Problem requirements. Skip every picture, and copy exactly the lines from the one containing "rose quartz towers" to the end of the data.

Data block.
....

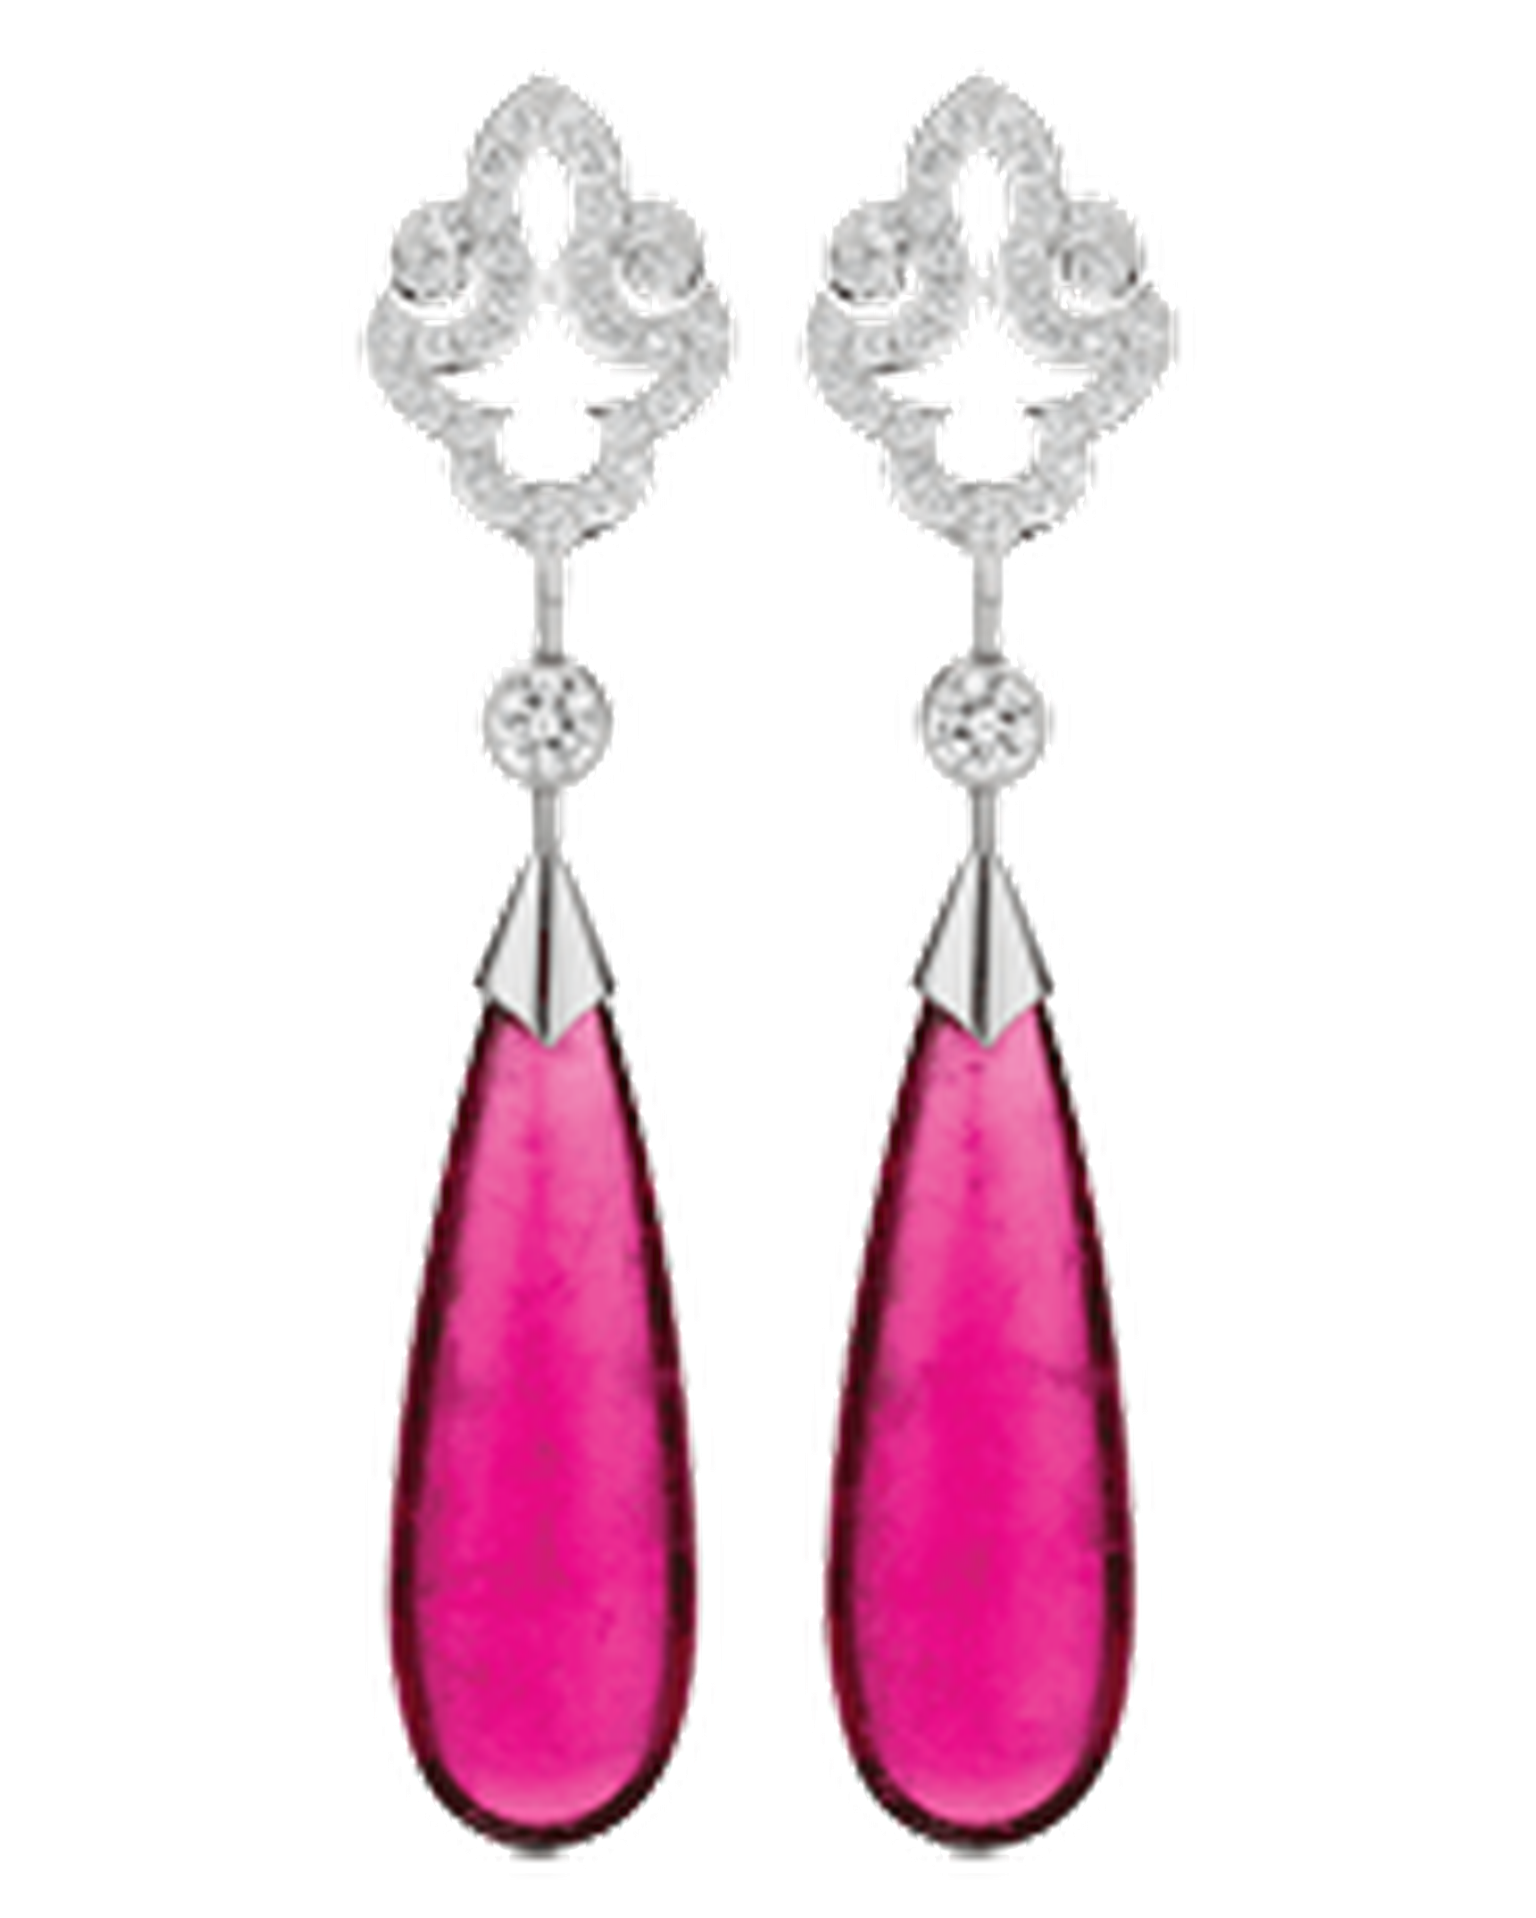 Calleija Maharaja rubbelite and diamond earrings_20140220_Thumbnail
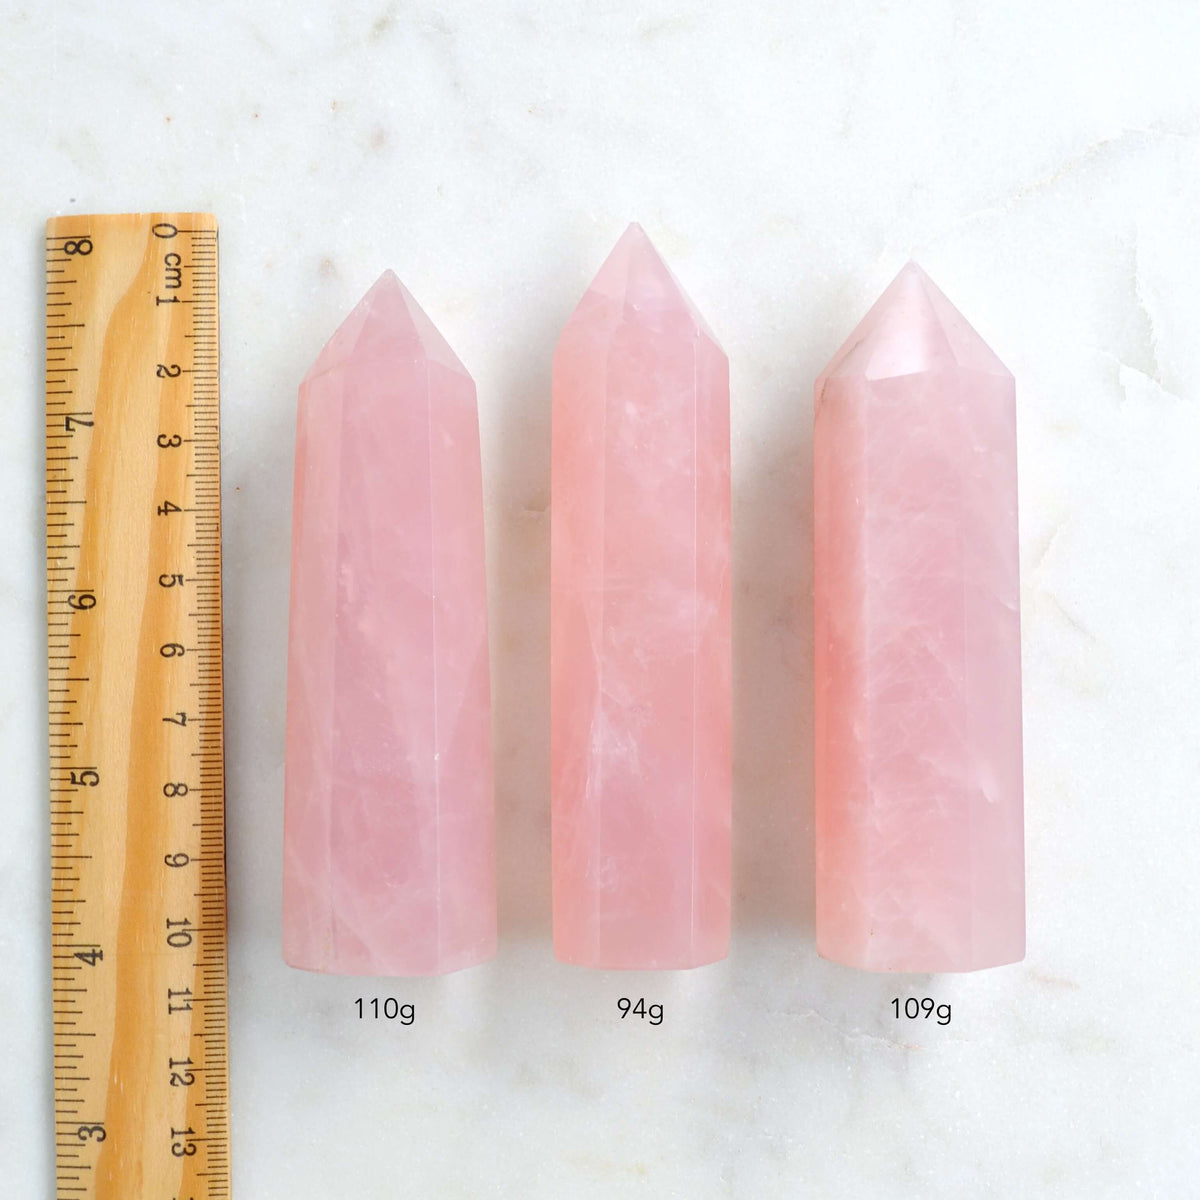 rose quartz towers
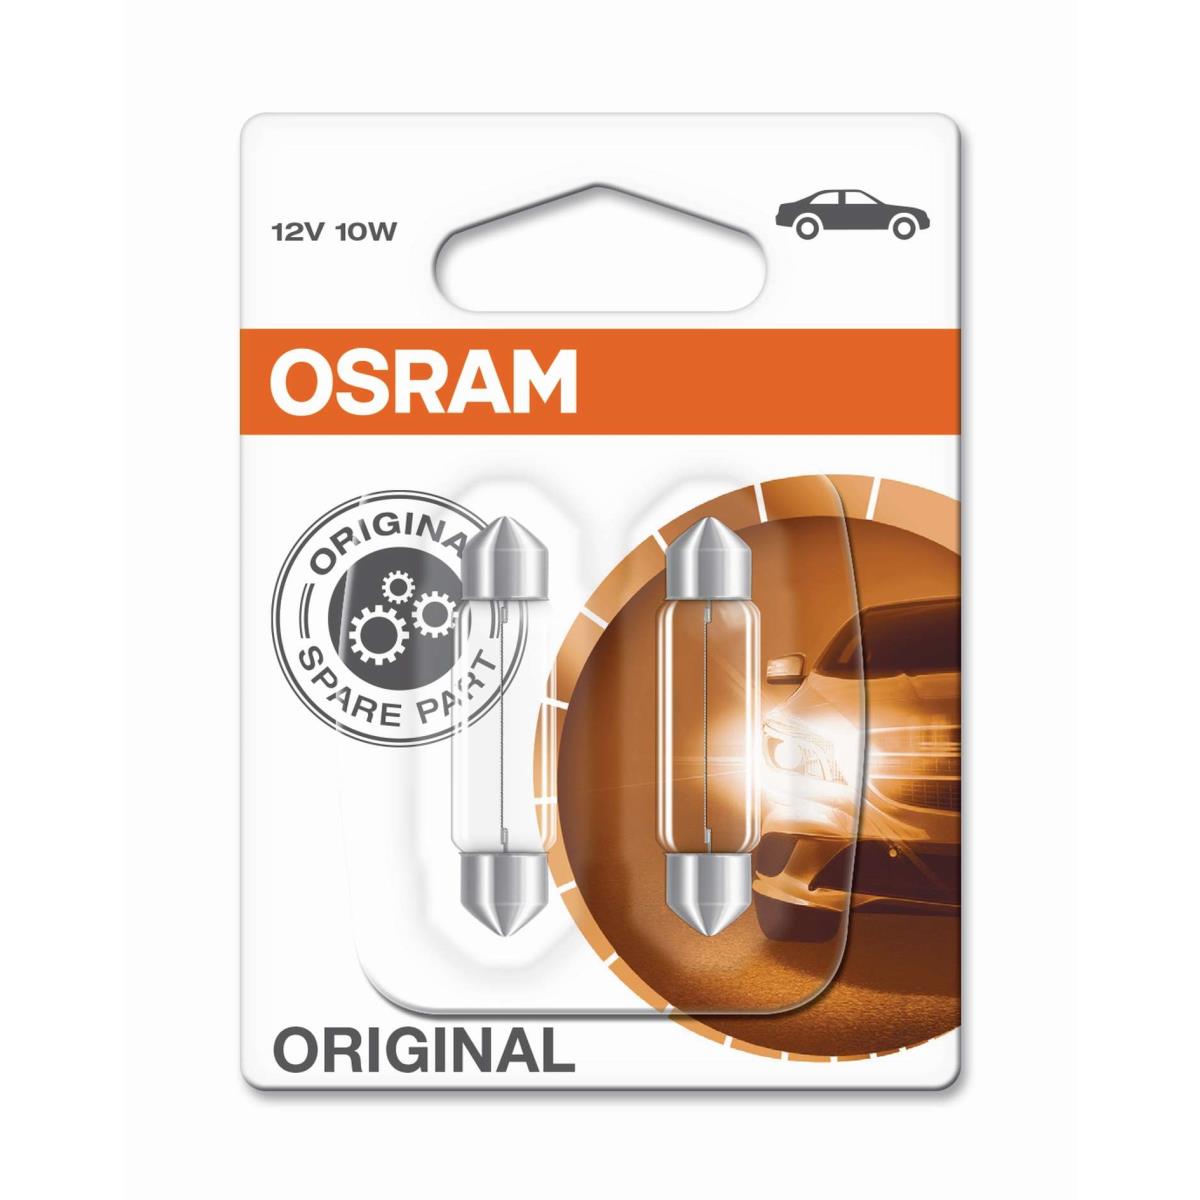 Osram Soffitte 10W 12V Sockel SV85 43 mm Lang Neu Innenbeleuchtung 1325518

....

Expected answer.
 rose quartz towers
 Osram Soffitte 10W 12V Sockel SV85 43 mm Lang Neu Innenbeleuchtung 1325518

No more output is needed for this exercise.